= Dáil Constitution =

The Constitution of Dáil Éireann (Bunreacht Dála Éireann), more commonly known as the Dáil Constitution, was the constitution of the 1919–22 Irish Republic. It was adopted by the First Dáil at its first meeting on 21 January 1919 and remained in operation until 6 December 1922. As adopted it consisted of five articles. Article 1 declared that the Dáil had "full powers to legislate" and would consist of representatives elected in elections conducted by the British government. For the exercise of executive power it created a cabinet, answerable to the Dáil, called the Ministry (Aireacht), headed by a prime minister called the "Príomh Aire" (in practice also known as the President of Dáil Éireann). The constitution was limited to an outline of the functions of the legislature and the executive; the Dáil later established a system of Dáil Courts, but there was no provision in the constitution on a judiciary. The final article of the constitution declared that it was intended to be a provisional document, in the sense that it was subject to amendment. As adopted the constitution came to only around 370 words. In comparison, the modern Constitution of Ireland has approximately 16,000 words. Overall, the structure of the document was as follows:

- Article 1: Dáil Éireann
- Article 2: Ministry of Dáil Éireann
- Article 3: Chairman of the Dáil
- Article 4: Finance
- Article 5: Amendments

==Amendments==
- 1 April 1919: Five amendments were made to the constitution on this day:
  - Allowed for the nomination of the members of the Ministry at the same meeting as the election of the President.
  - Allowed for the nomination in writing by the President of a President-Substitute in periods of temporary absences.
  - Allowed for the appointment of a Minister-Substitute in periods of temporary absences.
  - Increased the maximum number of ministers from four to "a President of the Ministry elected by Dáil Eireann, and not more than nine Executive Officers".
  - provided that twice yearly auditing of accounts would not begin until November 1919.
- 25 August 1921: The style of the head of the ministry was amended to "the President who shall also be Prime Minister", and reduced the cabinet to six members. The amendment also made further changes to the dates mentioned in Article 4. This made more explicit the idea that the head of the ministry was both head of state and head of government.

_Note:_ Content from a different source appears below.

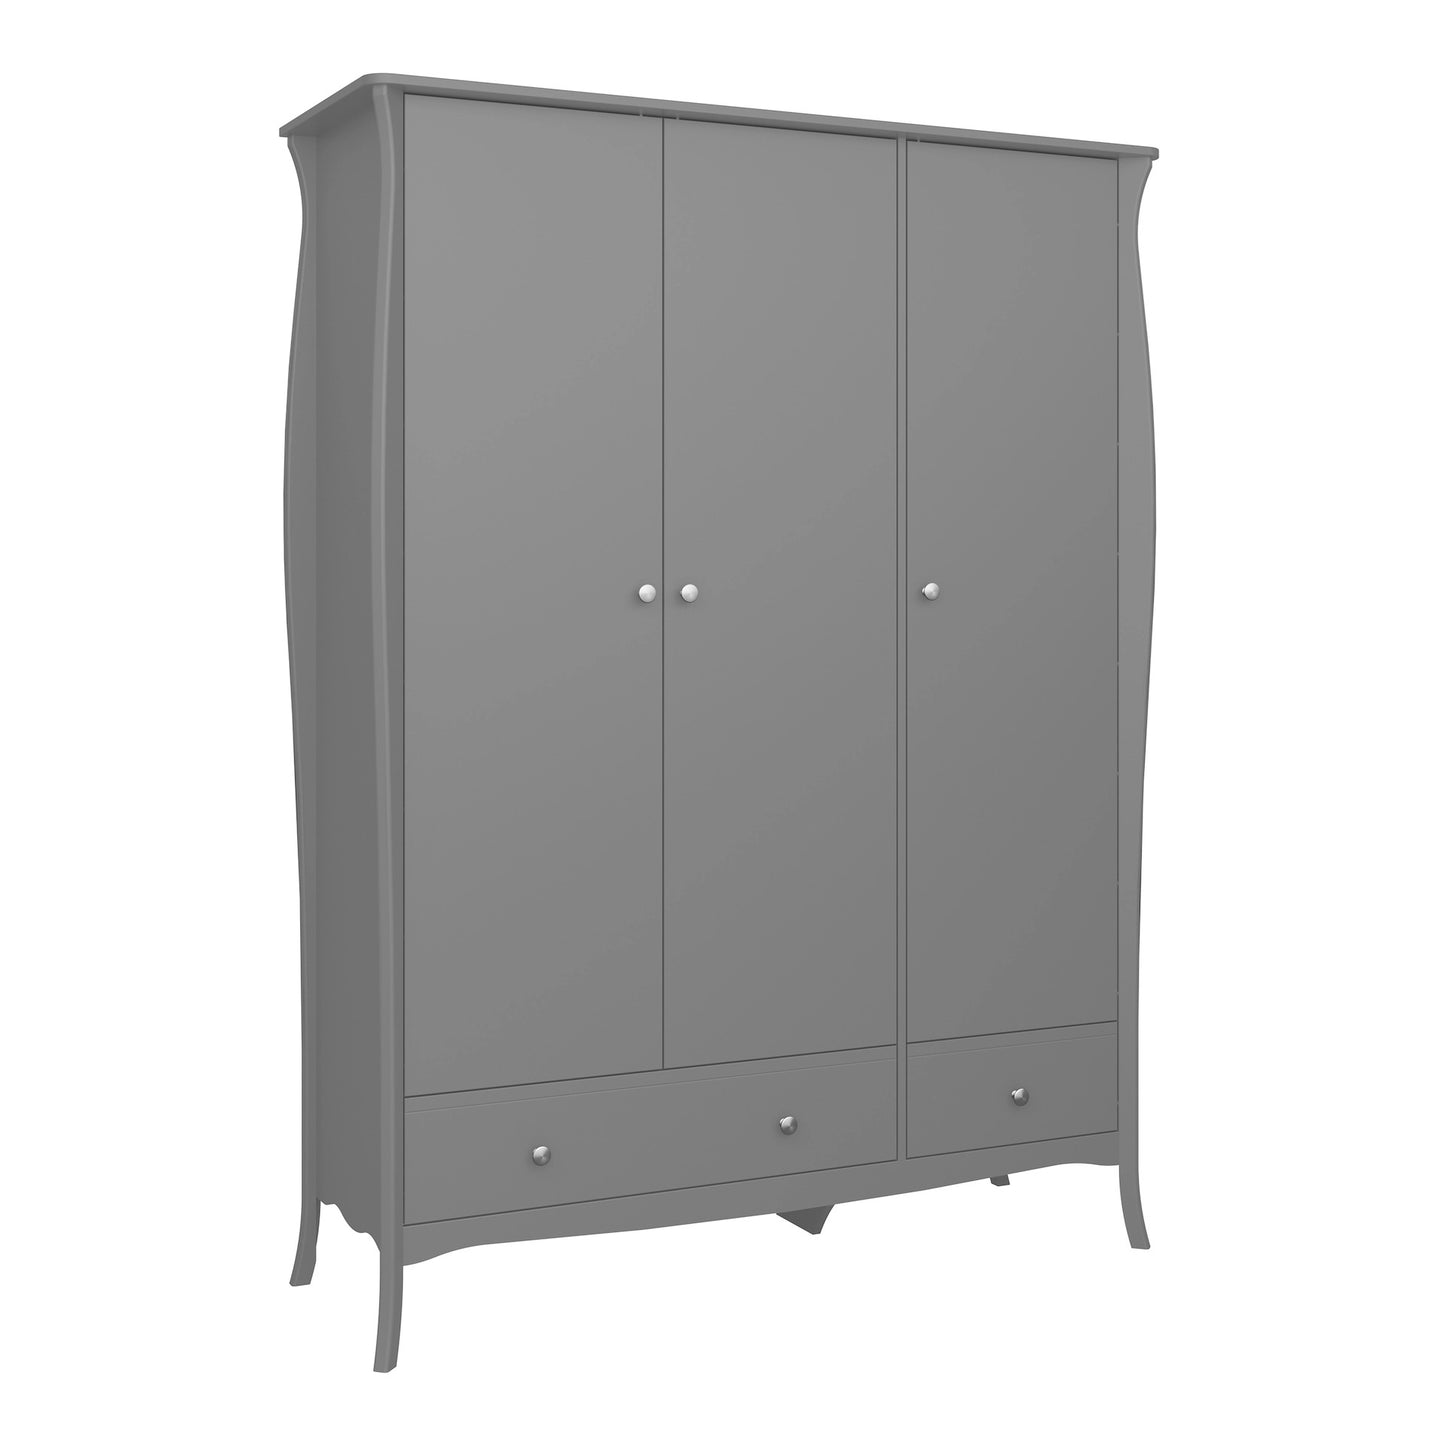 Furniture To Go Baroque 3Dr 2 Drw Robe Grey

Following the change to the Constitution in 1921, Éamon de Valera was proposed and elected as President of the Irish Republic, rather than President of Dáil Éireann.

==Operation after the Treaty==
After the ratification of the Anglo-Irish Treaty by the Dáil on 7 January 1922, de Valera left office in 1922. Those elected to the position of president were styled again as President of Dáil Éireann: Arthur Griffith on 10 January 1922 and W. T. Cosgrave on 9 September 1922.

In order to implement the Treaty the Parliament of the United Kingdom adopted the Irish Free State (Agreement) Act 1922. This provided for an executive, called the Provisional Government, and a "house of parliament" to which it would be accountable. The institutions established by the Dáil Constitution operated in parallel with these structures recognised by the British government. However, in practice the two systems of government were eventually merged. When the "house of parliament" was convened in 1922 on 9 September it was treated by those in attendance as the 3rd Dáil, and those appointed as president and Ministry of Dáil Éireann were the same cabinet serving as the Provisional Government.

The Dáil Constitution finally became defunct when the new Constitution of the Irish Free State came into force on 6 December 1922.

==Commentary==
The constitution's close modelling of its institutional system on the Westminster system of government, specifically with the inclusion of a parliament from whom a ministry was both chosen and to whom it was answerable, has been noted by Irish political scientists and historians, notably Professor Brian Farrell, who suggested that the leaders of the new state stuck to a system that, through Irish participation in the United Kingdom of Great Britain and Ireland, the new Irish political elite had close experience of, and identification with, notwithstanding their radical republican rhetoric.